Go up to the main SLP documents page (md)

People familiar with git and github can skip some parts, depending on your level of familiarity. However, it would be wise to skim the parts you are skipping. And everybody must read the section on tags and branches, as most people who think they know about branching really don't.

Introduction

First, read through the Wikipedia page on git.

Git keeps the files, as well as the entire the version history, in a repository. A repository is just a directory structure created via the git init command (which is not being gone over here). However, most people who use git have the repository kept on a server. One can set up their own server to do so, although the user then has to deal with authentication and authorization (who can access which repositories, etc.). Many people use github, which is what we will be using for this course; other online services also provide git repository hosting, but we won't be going over them here.

The repository itself needs to be cloned in order for the files to be worked on; this is analogous to subversion's checkout command. This is done via the git clone command. There are a few ways to clone a repository:

git clone git@github.com:aaronbloomfield/slp

Or:

git clone https://github.com/aaronbloomfield/slp

For both of these commands, the user who owns the repository is aaronbloomfield, and the repository is slp. Either of the two commands will work, although the first one is considered more secure (see here for details). And both will require you to enter your github username and password any time you clone a private repo, and any time you push (more on pushing, below) to any repository.
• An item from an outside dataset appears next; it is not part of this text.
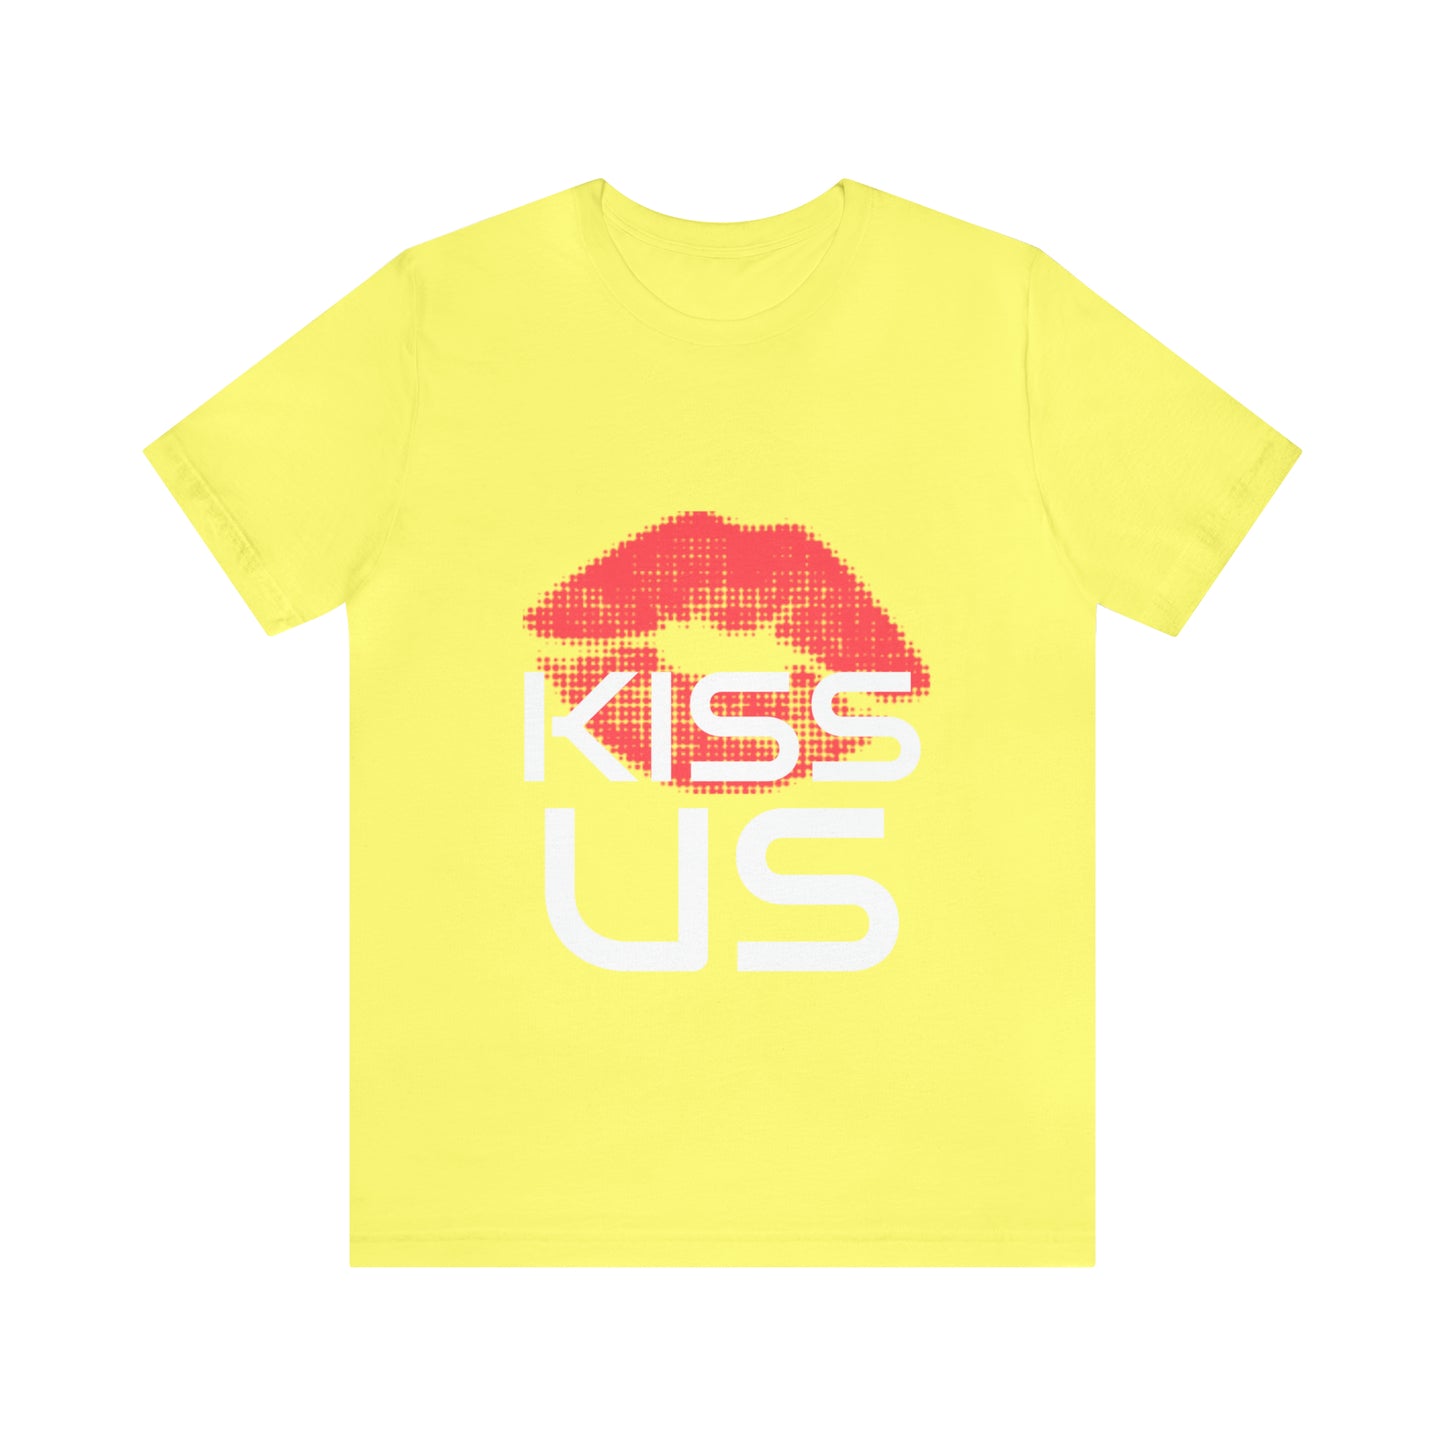 Kiss Us - Unisex T-Shirt
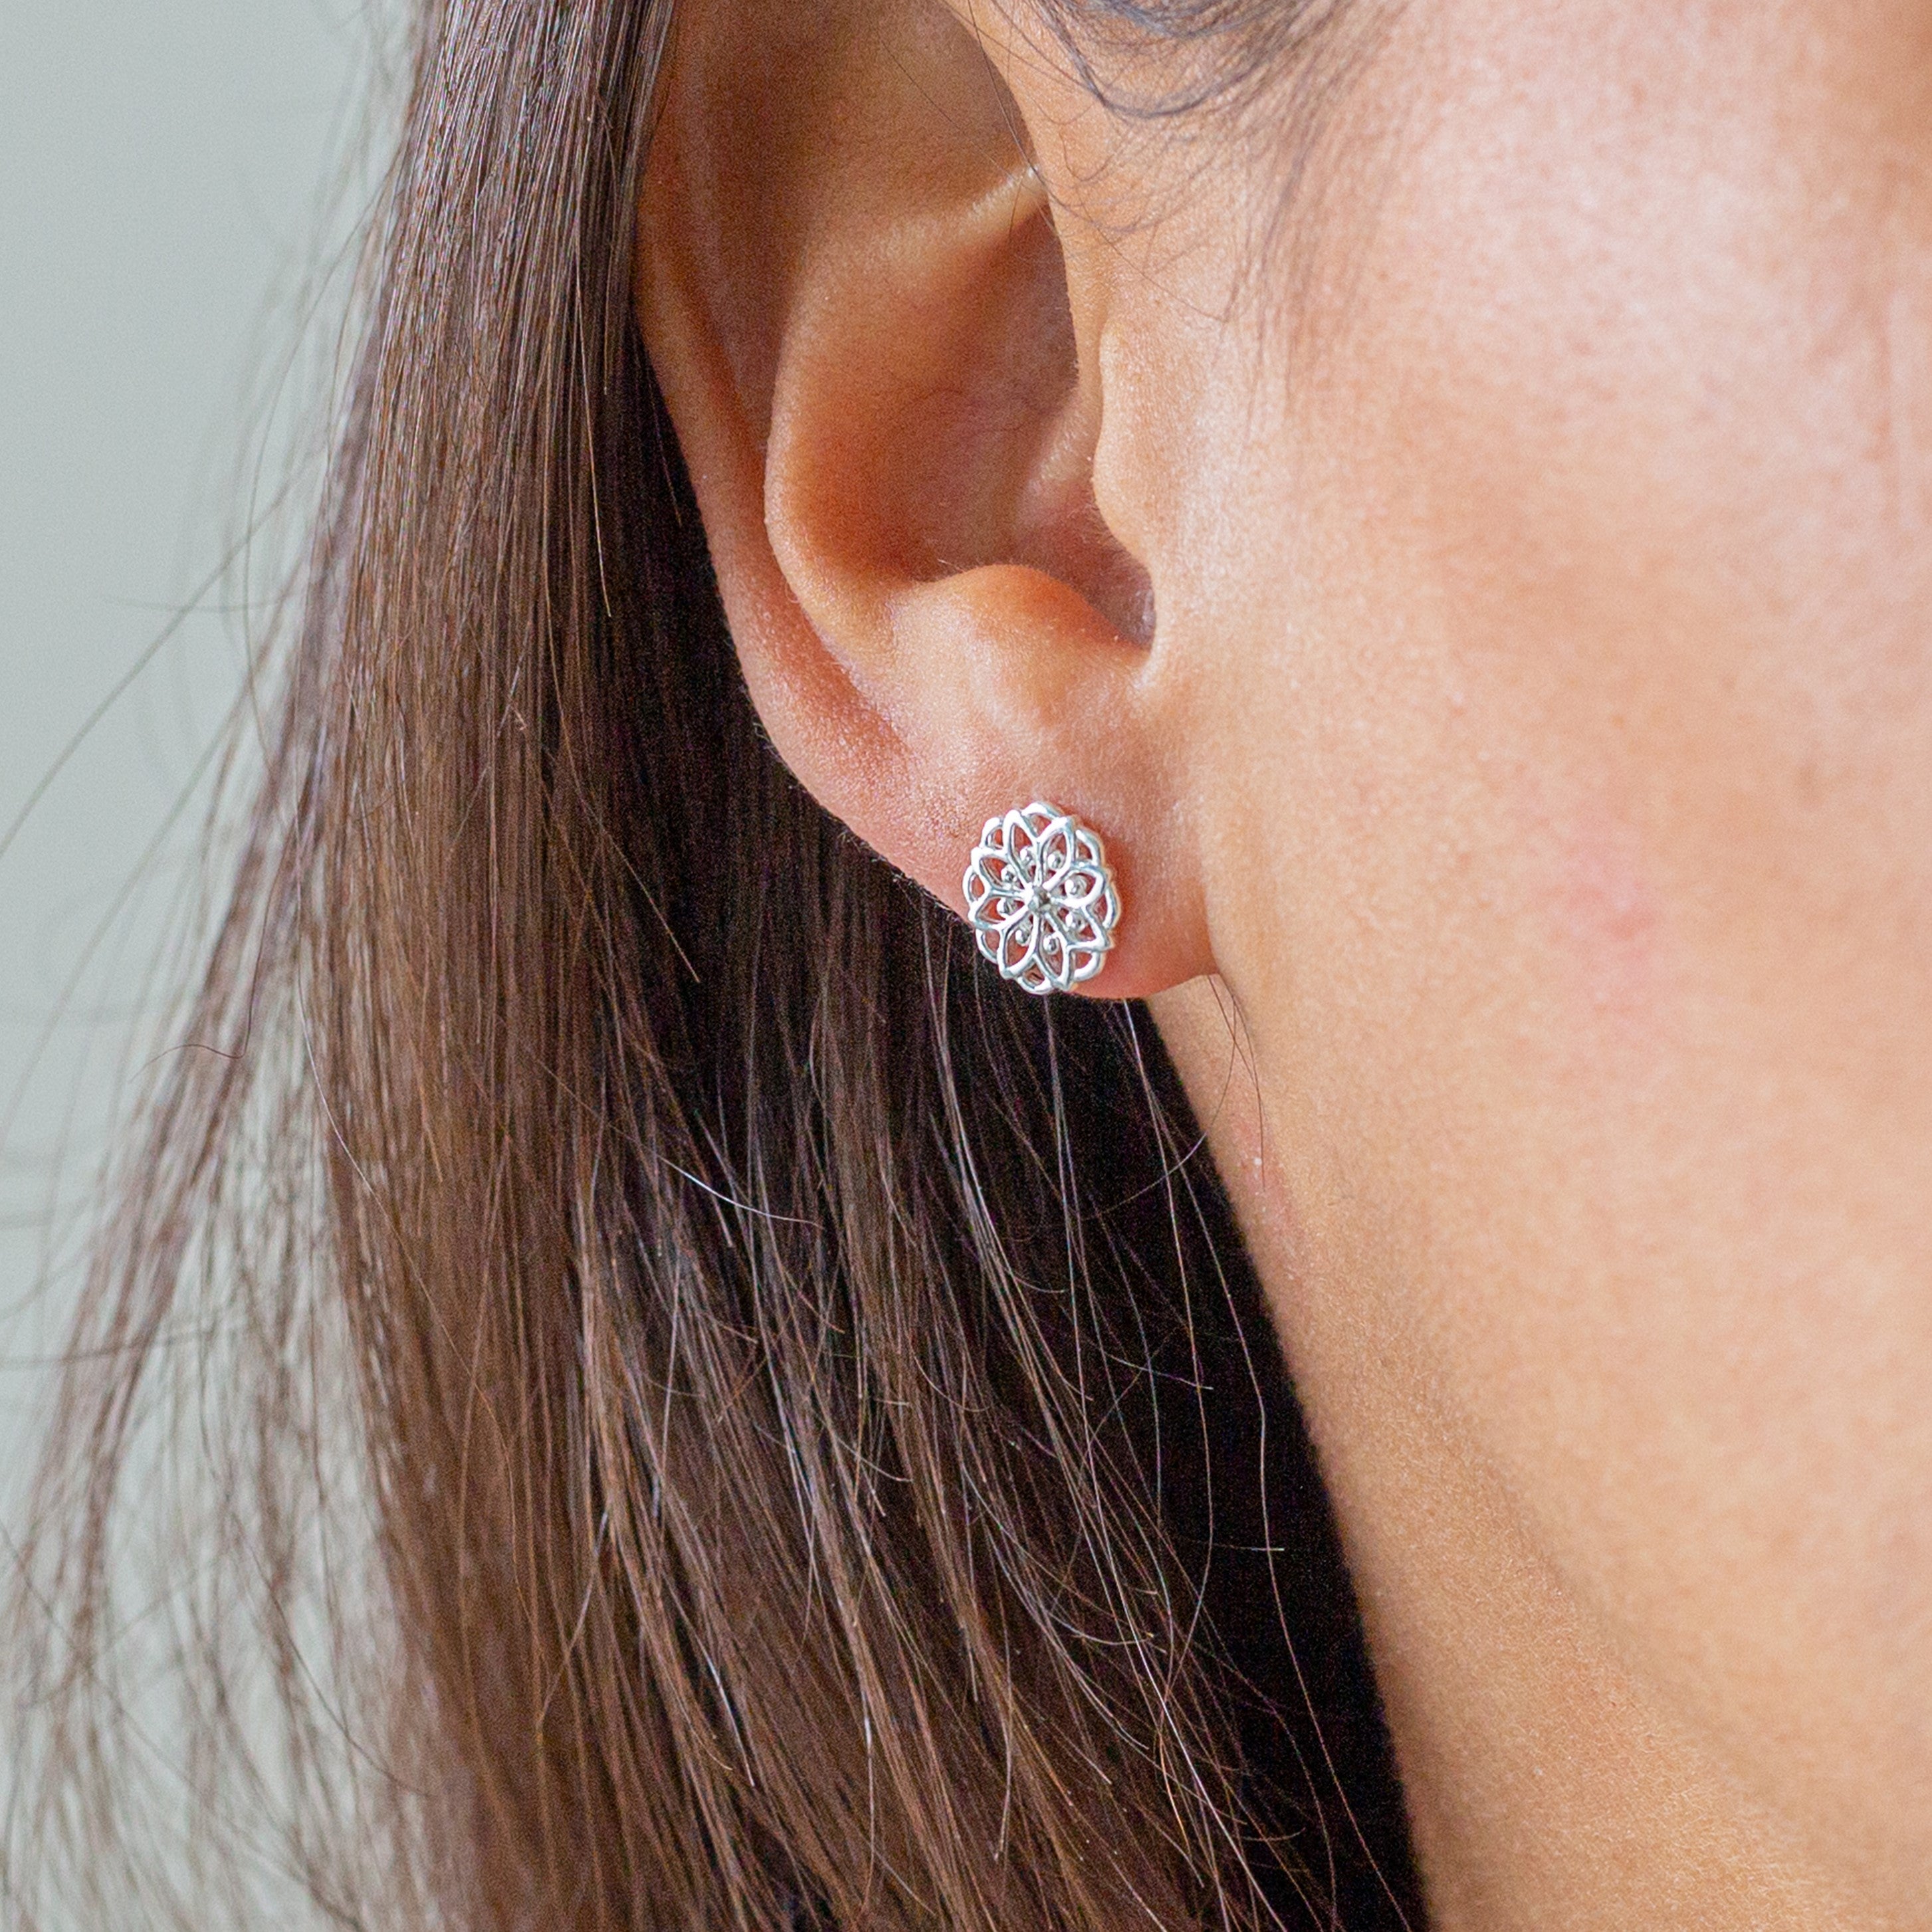 Nazca Lines Mandala Stud Earrings

The Development Environment Setup (md) page describes how to configure ssh and git so that you do not have to enter your password each time.

Once the repository is cloned, you can work on the files within the created directory. The git commands will work anywhere in that cloned repository -- you don't have to be in the root of that directory structure (which was the case with subversion). There are three separate steps to get a file added to the github repository.

  1. As you create files that you want to add to the repository, you use git add <file>. This stages them for (i.e., gets them ready for) adding to the repository, but does not add them just yet. You can enter git status to see what files have been added and what not been added. If you modify a file, and you want to add those modifications to the repository, you also do a git add <file>. You can add as many files as you want before proceeding to the next step.
  2. Once you have made the changes that you want to make, you commit the changes to the repository: git commit -m"I implemented HAL 9000". This takes all the staged changes (those what were added via git add <file>), and adds them to the repository wrapped into a single commit; you can specify the mssage on the command line as shown in the example. You can commit as many times as you want before proceeding to the next step.
  3. git is a distributed version control system. What this means is that any commits are made to the local repository (i.e., what you have on your computer), and not (yet) made to the version of the repository that git hosts. In order to do that, you execute a git push -- this takes all the commits, and pushes them to the remote server (i.e., github). This means that all the committed changes are now on github.

git command summary

There are many other git commands; type man git for a list, then type man git-clone for the details about the git clone command (likewise for the other git commands).

Exploring github

There are many services that provide git repositories. Github is one of the most popular. They provide free repositories for education, and have a powerful set of tools available through their web interface for managing your git repositories.

Github defines two types of repositories: public and private. Anybody can create as many public repositories as they want, but note that anybody else can see the public repositories. This course (and this document) is available in a public repository. In contrast, private repositories can only be viewed by those who are authorized to view them. Private repositories cost money, although github provides free repositories for educational use.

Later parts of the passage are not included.